Next, Obama demands that Cuba agree to participate in negotiations with UN representatives selected by the Soviet Union. The Soviet position is that it is its natural right to place its missiles anywhere it wants. It agrees to conduct negotiations just as long as this right will not be compromised or challenged. As a gesture of flexibility, the Soviets agree that their missiles will not be targeted at the entire non-Communist world but only at one country at a time.
Obama then lectures the country that the Soviets dislike America because Americans are too insensitive and materialistic. They need to learn more about the lifestyles and values of other peoples. He appoints a number of members of the American Communist Party to serve as his advisors on relations with the Soviets.
In the face of demands that the US threaten to launch aircraft and missiles targeting Soviet forces in Cuba, Obama in 1962 has his Secretary of State clarify that any such attack would actually be incredibly tiny and unbelievably insignificant. Khrushchev responds by escalating the shipments of war materiel to Cuba. When a number of Soviet naval vessels are spotted approaching Cuba near US ships, Obama orders the US ships to be removed lest they give the Russians an impression of American bellicosity. As a goodwill gesture, Obama removes the entire American base at Guantanamo Bay.
The Soviets and Cubans insist that the missiles in Cuba are there for peaceful purposes only. They are simply part of aeronautic research projects and are designed for civilian use.

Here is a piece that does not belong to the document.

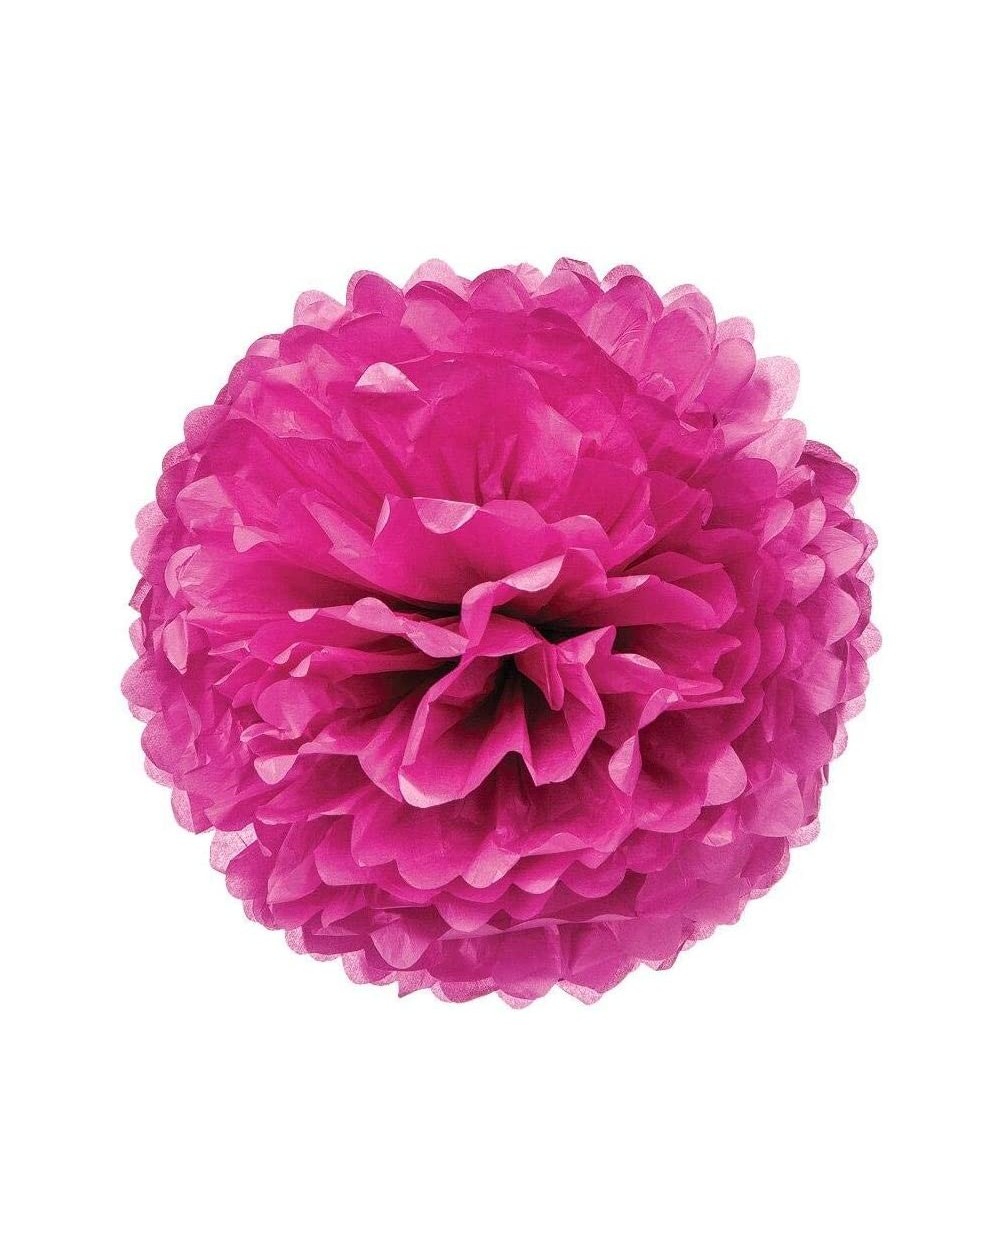 Tissue Pom Poms Tissue Paper Pom Pom (10-Inch- Sorbet Pink- Single) - Hanging Paper Flower Ball Decor for Weddings- Bridal an...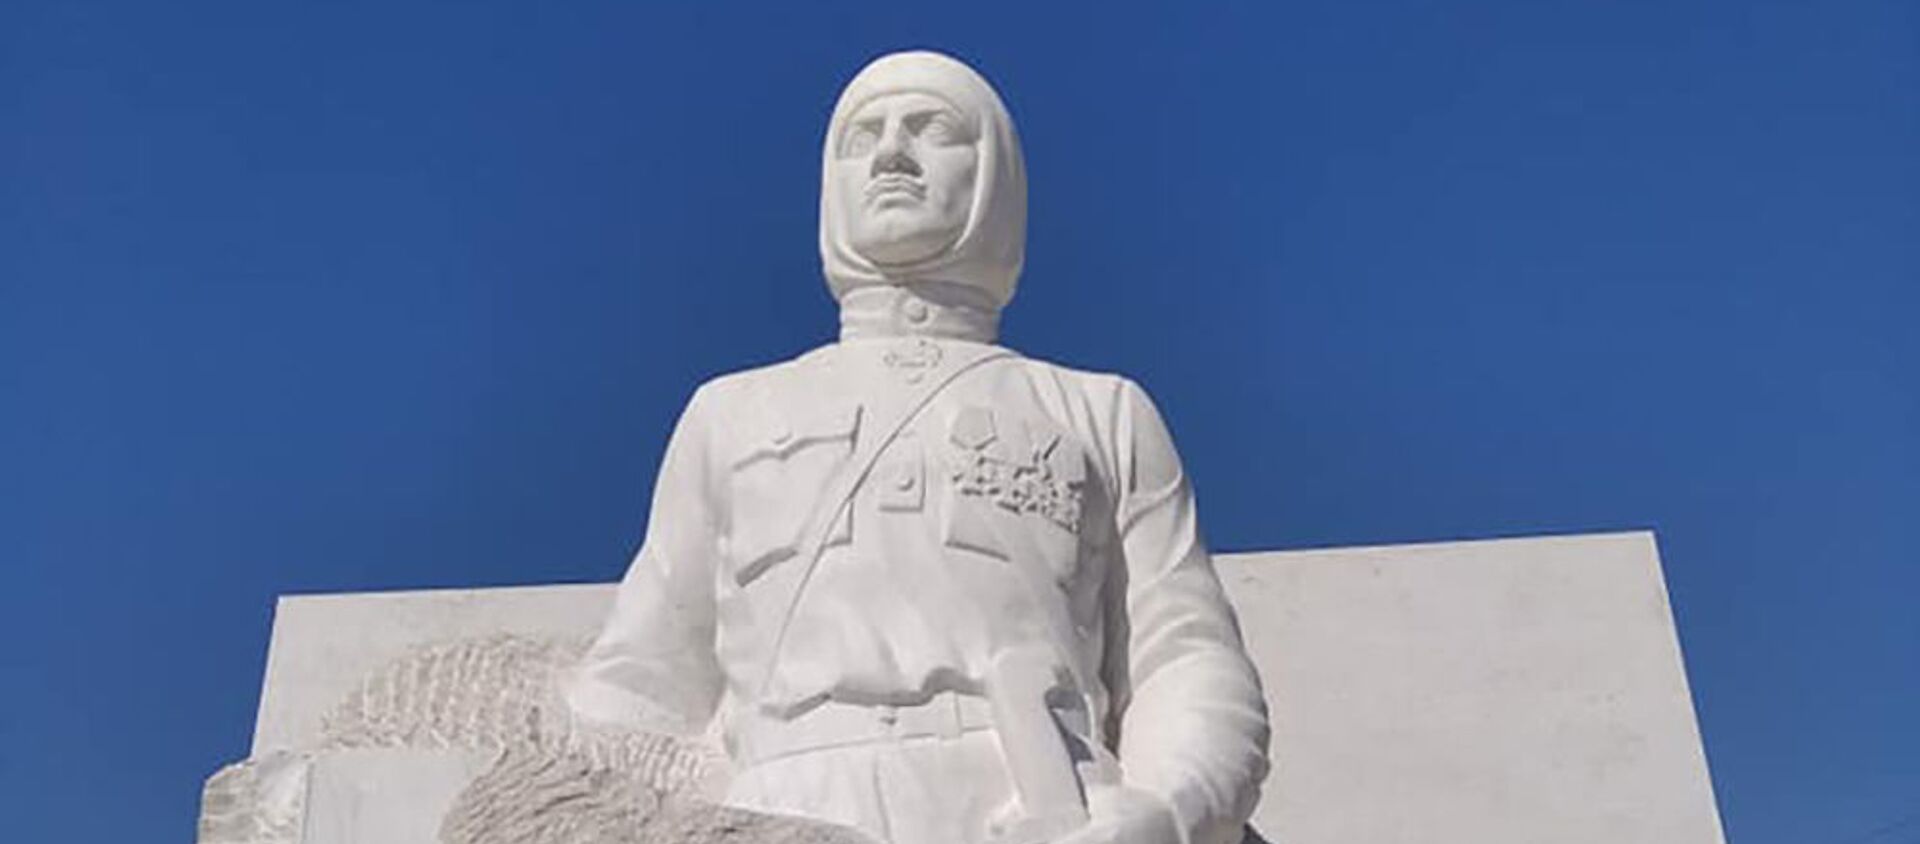 Памятник Гарегину Нжде в Мартуни - Sputnik Արմենիա, 1920, 12.02.2021

President Obama takes to the TV screens on October 22 and explains to the US public that only a diplomatic solution can resolve the confrontation. Use of the military would be simply too disagreeable. When a reporter asks him how this would affect the confidence of America’s allies in US strength and leadership, the president responds that all US allies except for Israel are themselves deeply interested in peace. In France, Raymond Aron writes in the October 29 issue of Le Figaro a denunciation of American cowardice.
On the evening of October 24, the Soviet news agency TASS broadcasts a telegram from Khrushchev to President Obama, in which Khrushchev warns that the United States’ “outright piracy” will lead to war. Obama responds with a heartfelt apology and explains that American sanctions should not be regarded as acts of aggression.
When President Obama’s military advisors proposed threatening Cuba with a regime change if use of American military force should ever be deemed necessary, Obama dismisses the idea. We have to stop pretending to be the world’s policeman, he explains.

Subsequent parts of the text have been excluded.